The Keras Model.load_model method can be exploited to achieve arbitrary code execution, even with safe_mode=True. One can create a specially crafted .keras model archive that, when loaded via Model.load_model, will trigger arbitrary code to be executed. This is achieved by crafting a special config.json (a file within the .keras archive) that will invoke keras.config.enable_unsafe_deserialization() to disable safe mode. Once safe mode is disable, one can use the Lambda layer feature of keras, which allows arbitrary Python code in the form of pickled code. Both can appear in the same archive. Simply the keras.config.enable_unsafe_deserialization() needs to appear first in the archive and the Lambda with arbitrary code needs to be second.

AI-Powered Analysis

Machine-generated threat intelligence

AILast updated: 02/27/2026, 04:32:06 UTC

Technical Analysis

CVE-2025-9906 is a deserialization vulnerability (CWE-502) in the Keras deep learning framework, specifically affecting version 3.0.0. The vulnerability arises from the Model.load_model method, which loads machine learning models stored in .keras archive files. These archives contain a config.json file and other serialized components. An attacker can craft a malicious .keras archive with a config.json that programmatically calls keras.config.enable_unsafe_deserialization(), which disables the built-in safe mode designed to prevent unsafe code execution during deserialization. Once safe mode is disabled, the attacker can embed a Lambda layer containing arbitrary pickled Python code, which is executed upon model loading. This chain allows arbitrary code execution on the host system with the privileges of the user running the load_model method. The attack requires the victim to load the malicious model, implying some user interaction and privileges are necessary. The vulnerability is rated high severity with a CVSS 8.6, reflecting the significant impact on confidentiality, integrity, and availability, combined with moderate attack complexity and required privileges. No patches or fixes are currently linked, and no exploits have been observed in the wild, but the risk is substantial given Keras’s popularity in AI/ML development environments.

Potential Impact

The impact of CVE-2025-9906 is severe for organizations relying on Keras 3.0.0 for machine learning model deployment and development. Successful exploitation leads to arbitrary code execution, potentially allowing attackers to execute malicious commands, install malware, exfiltrate sensitive data, or disrupt services. This compromises confidentiality, integrity, and availability of affected systems. Since Keras is widely used in research, enterprise AI applications, and cloud-based ML pipelines, the vulnerability could be leveraged to pivot into broader network compromise or data breaches. The requirement for user interaction and some privileges limits remote exploitation but does not eliminate risk, especially in environments where untrusted models might be loaded or shared. The lack of patches increases exposure time. Organizations may face operational disruption, intellectual property theft, and regulatory compliance issues if exploited.

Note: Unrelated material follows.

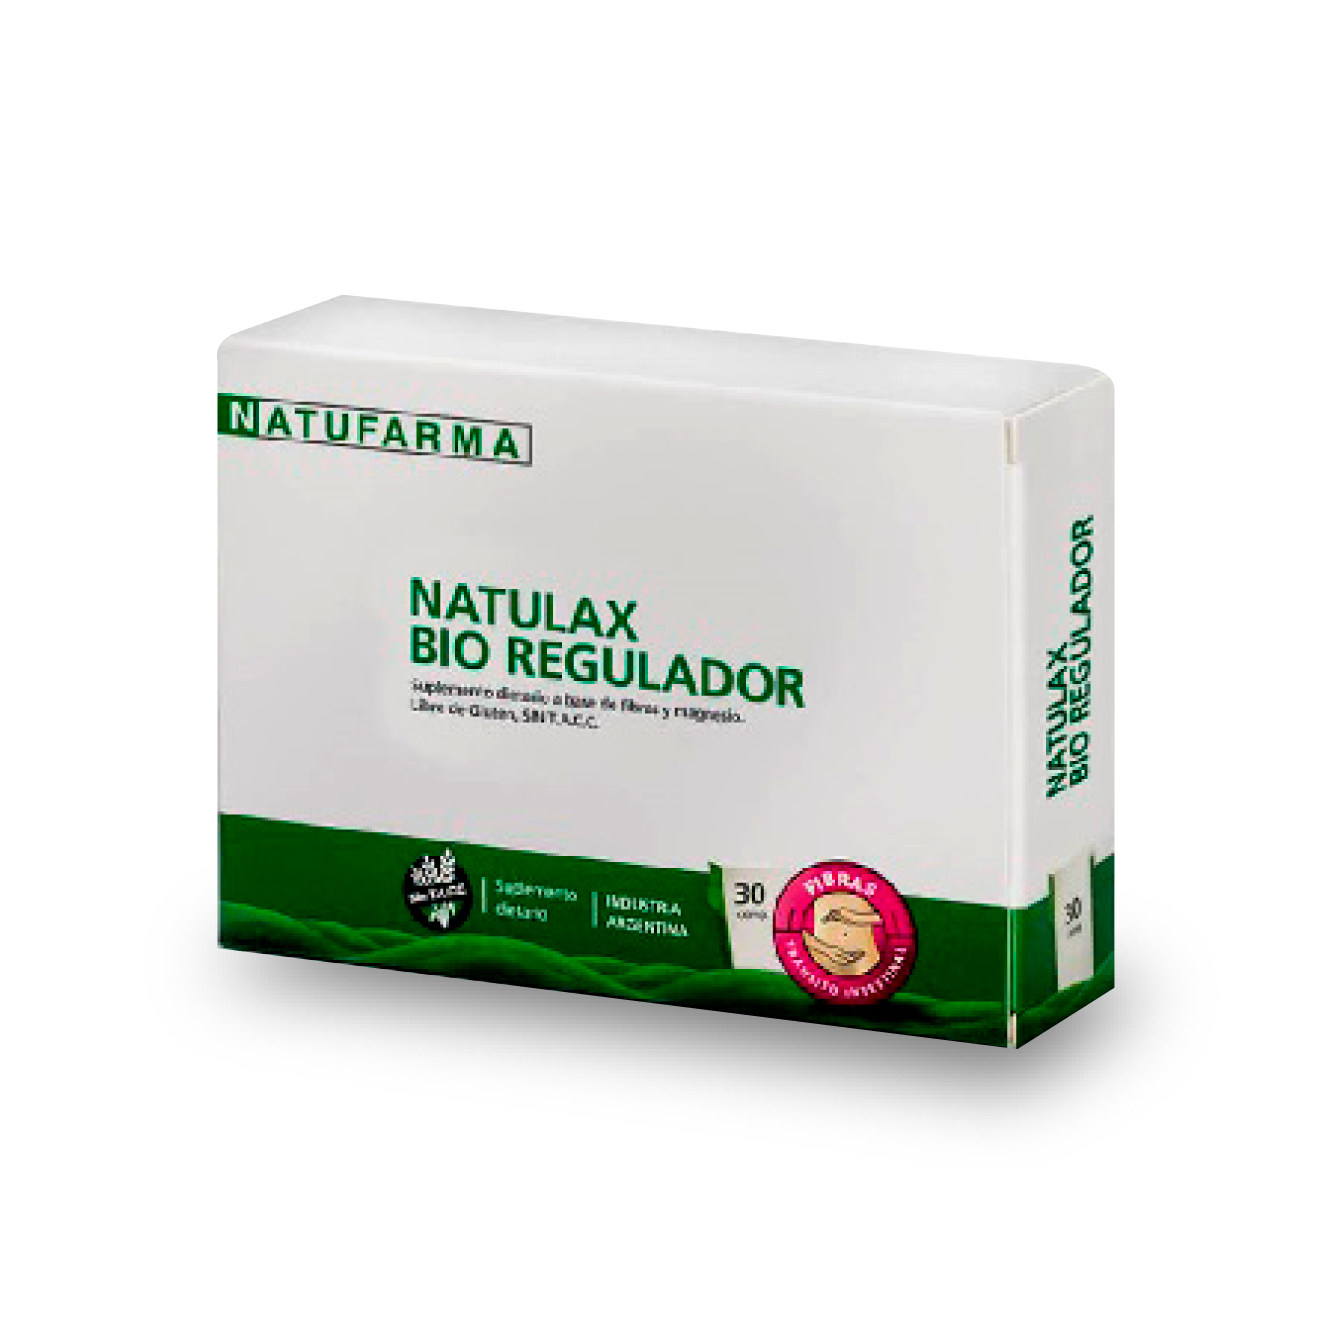 NATUFARMA Natulax Bio Regulador x 30 comprimidos LIQ.DE STOCK

Mitigation Recommendations

To mitigate CVE-2025-9906, organizations should: 1) Avoid loading untrusted or unauthenticated .keras model files, especially from external or unknown sources. 2) Implement strict access controls and code execution policies around environments where Keras models are loaded. 3) Monitor and restrict the use of the Model.load_model method to trusted personnel and automated systems only. 4) Use containerization or sandboxing to isolate model loading processes, limiting potential damage from arbitrary code execution. 5) Stay alert for official patches or updates from the Keras team and apply them promptly once available. 6) Consider static or dynamic analysis of model archives before loading to detect suspicious config.json or Lambda layers. 7) Educate developers and data scientists about the risks of deserializing untrusted data in ML workflows. 8) Employ runtime monitoring and endpoint detection to identify anomalous behavior indicative of exploitation attempts. These steps go beyond generic advice by focusing on operational controls and proactive detection tailored to this vulnerability’s exploitation vector.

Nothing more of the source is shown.